Why I’m Investing in Real Estate

I recently got a question in one of my retirement workshops about investing in rental properties for retirement. This can be a great idea for some investors. In fact, I just closed on my own first investment property. Here are some of the unique benefits to supplementing your other retirement investments with direct real estate:

Income: One of the reasons that I bought the property that I did is that it provides an immediate 14% positive cash flow on the money I put down, even after setting aside a reasonable amount of the rental income to cover maintenance and vacancies. That income can then be reinvested. Once the mortgage is paid off in 30 years, the income will be even higher and much greater than the 4% I could safely withdraw from a portfolio of stocks and bonds. I also wouldn’t have to worry about ever depleting my principal the way I would with stocks and bonds.

Inflation protection: Not only can real estate provide good income, it’s income that naturally keeps pace with inflation. Inflation can also increase the value of your real estate and reduce the real burden of your mortgage over time. For these reasons, it can be a great way to hedge against the possibility of rising inflation, which is generally bad for both stocks and bonds.

Leveraging with low interest rates: Historically, real estate appreciation plus rental income has been significantly less than stock appreciation plus dividend income. What gives real estate an advantage is the ability to purchase it with borrowed money at relatively low interest rates and then have your tenants pay off the mortgage. Yes, you can buy stocks on margin but margin rates are higher and are not tax deductible. You could also be forced to sell your stocks while they’re low to satisfy a margin call.

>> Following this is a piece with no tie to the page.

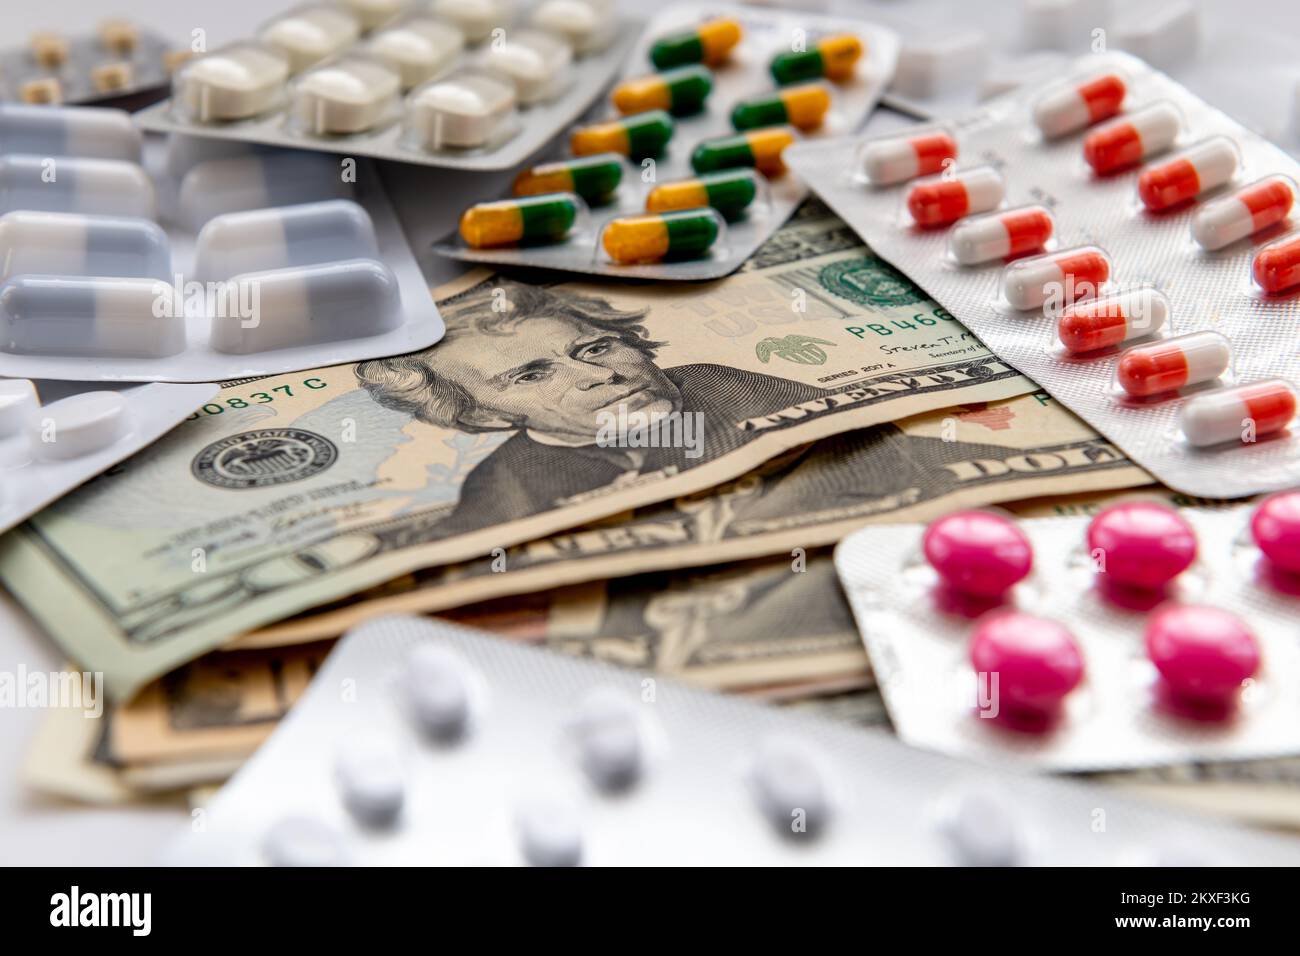 Un assortimento di medicine sparse in cima a un mazzo di fatture del dollaro degli Stati Uniti. Costo medico, grande concetto farmaceutico. Foto Stock

Tax breaks: Another advantage of rental properties is the ability to write off the mortgage interest, property taxes, and depreciation off your taxes. If you want to sell a property, you can defer the capital gains tax by reinvesting the proceeds in another property. When you pass away, your heirs can inherit the property and sell it without having to pay any tax on all the appreciation.

Control: You can add additional value to real estate by purchasing in an area you believe will appreciate faster than the overall market (the real estate market is much less efficient than the stock market so there are more opportunities to profit from superior knowledge), making improvements, and managing it yourself.